# Replacement B&S engine 104M02-0131-F1



## atxjax (Mar 30, 2020)

I have a 2017 Toro Personal Pace mower with the above engine. Someone had tossed this mower since it needed a new carb. I brought it back to life but on my initial checks it barely had any oil. It worked for a while but now has almost no compression.

I'm trying to find a replacement engine for it since its a good mower if they can be had for a good price. What I found so far is that I can replace it with a 104M02-0180-F1 but can't find any specs as far as shaft size etc for these. 

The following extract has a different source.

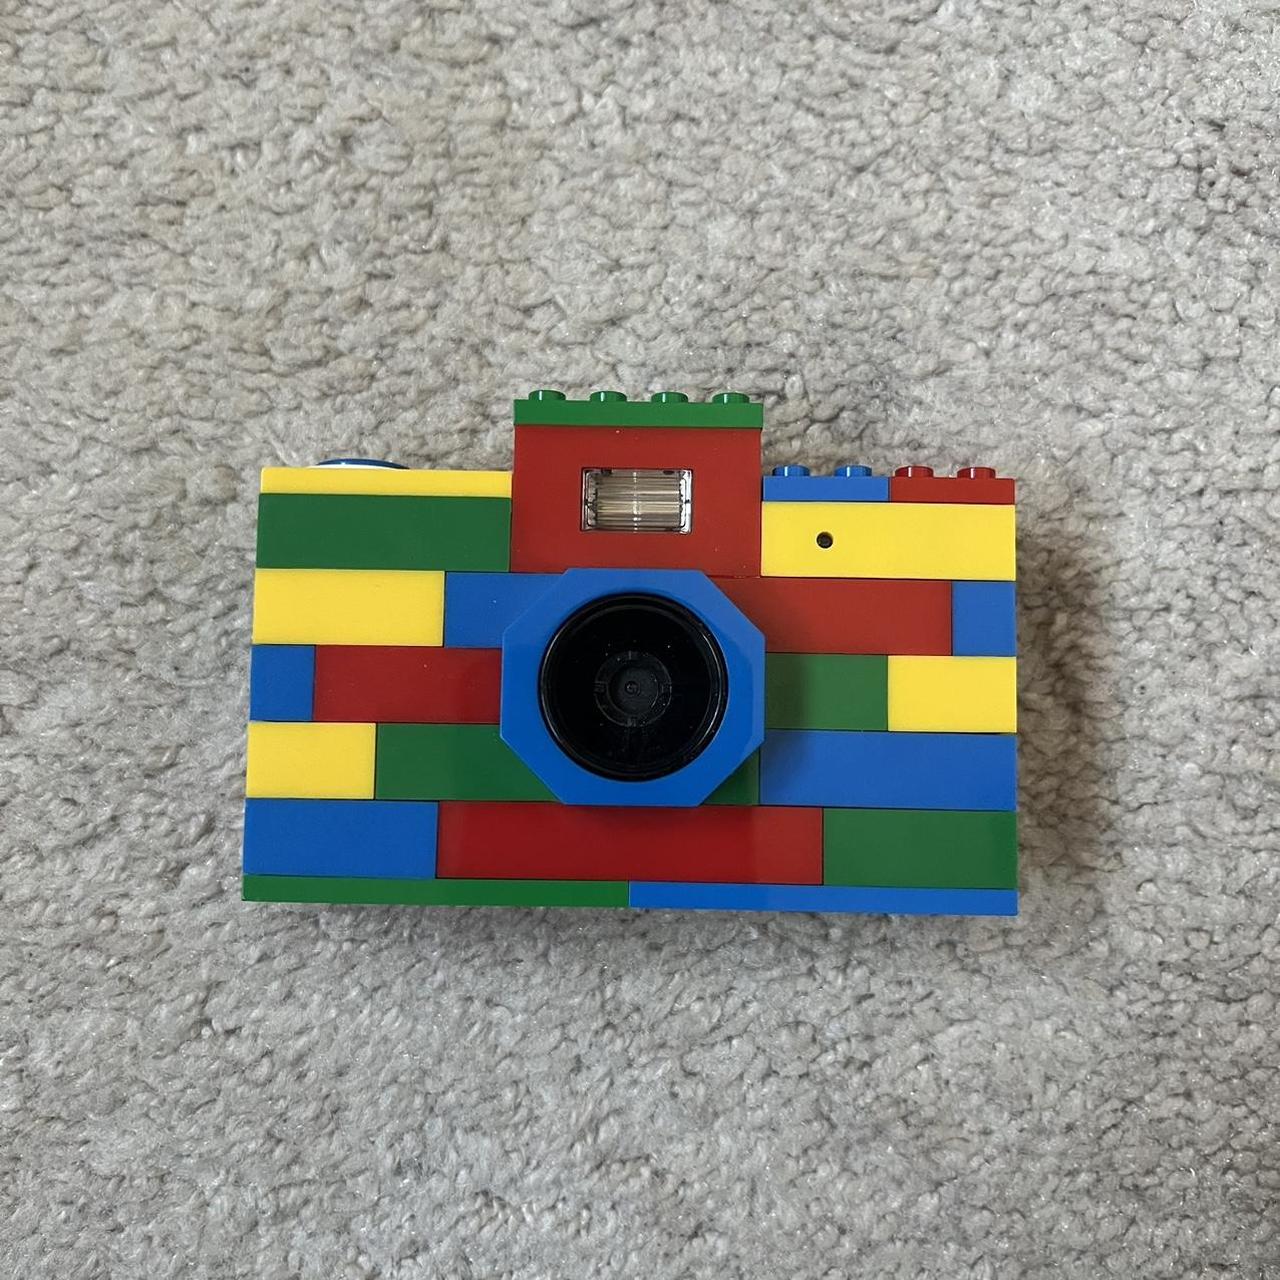 2009 Lego digital camera (functional!) Lego bricks - Depop
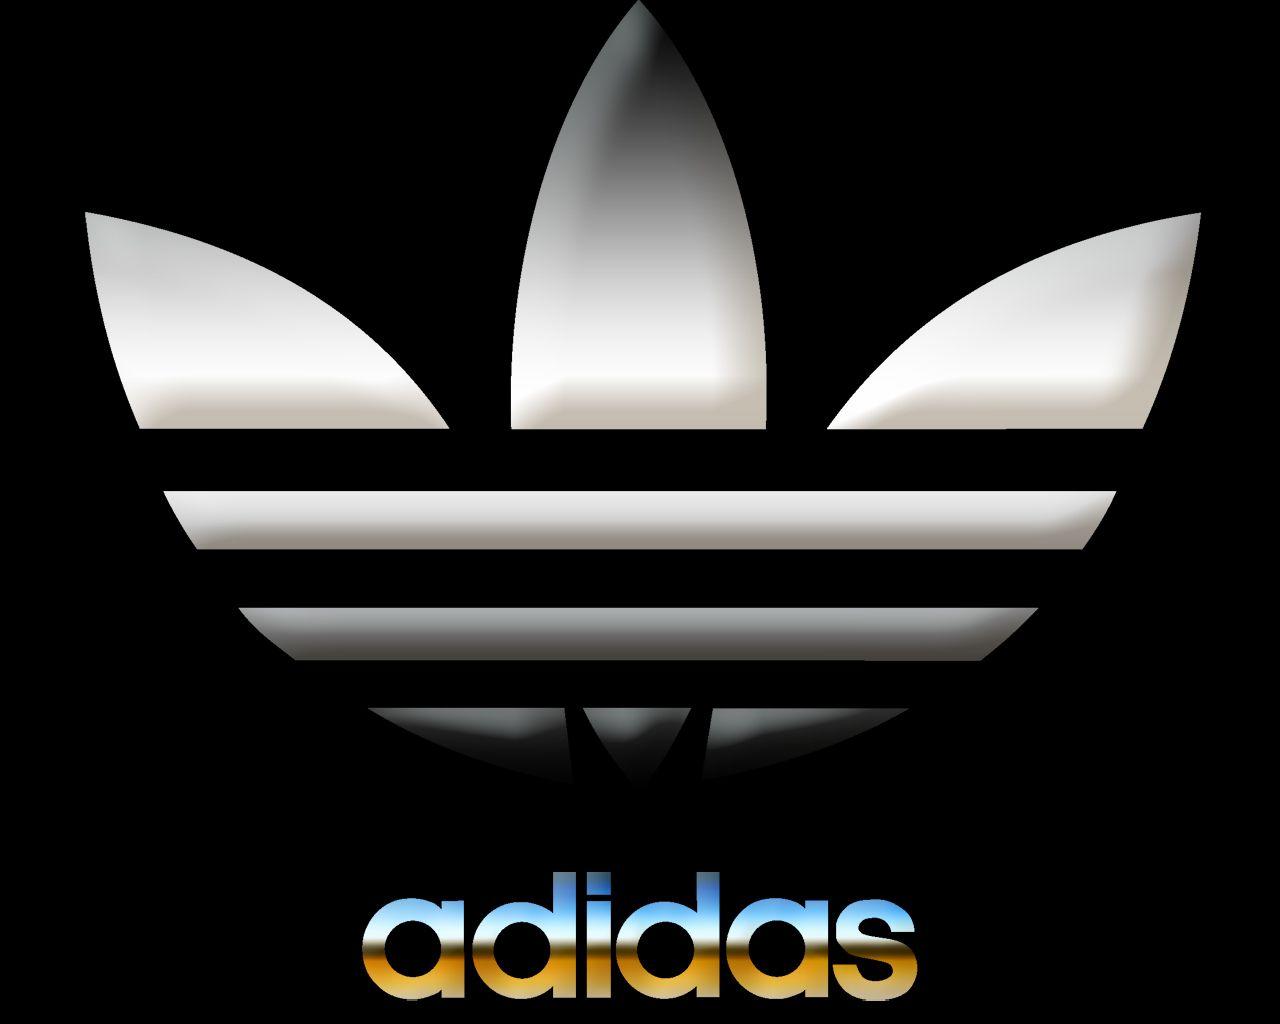 Sick Adidas Logo - Adidas Original Wallpaper | Image Wallpapers

Anyone here happen toi have access to spec sheets for either one of these two engines?


----------



## atxjax (Mar 30, 2020)

So far I took measurements of my engine. 

25mm
3 5/32 length shaft
3/16 keyway
Tapped 7/16 20


----------



## paulr44 (Oct 14, 2008)

Here you go.


----------



## atxjax (Mar 30, 2020)

I purchased a Kohler with same specs. Will be here this weekend


----------



## atxjax (Mar 30, 2020)

New Kohler fit right in with no issues. Only thing I had to do was tap the mount holes to 3/8-16. Everything else fit on just like it came off. 

Put in some 4 cycle 10W-30 and some fresh 93 octane and fired up on first pull. I appreciate all your guys input.


----------



## kmatthews4ever (May 19, 2020)

atxjax said:


> I purchased a Kohler with same specs. Will be here this weekend


Where you get the engine ? Also cost and shipping


----------



## atxjax (Mar 30, 2020)

kmatthews4ever said:


> Where you get the engine ? Also cost and shipping


Small engine warehouse. engine was on clearance special for like 89 or something like that. Shipping was $31. That and tax. My total was 129.89 shipped to my door


----------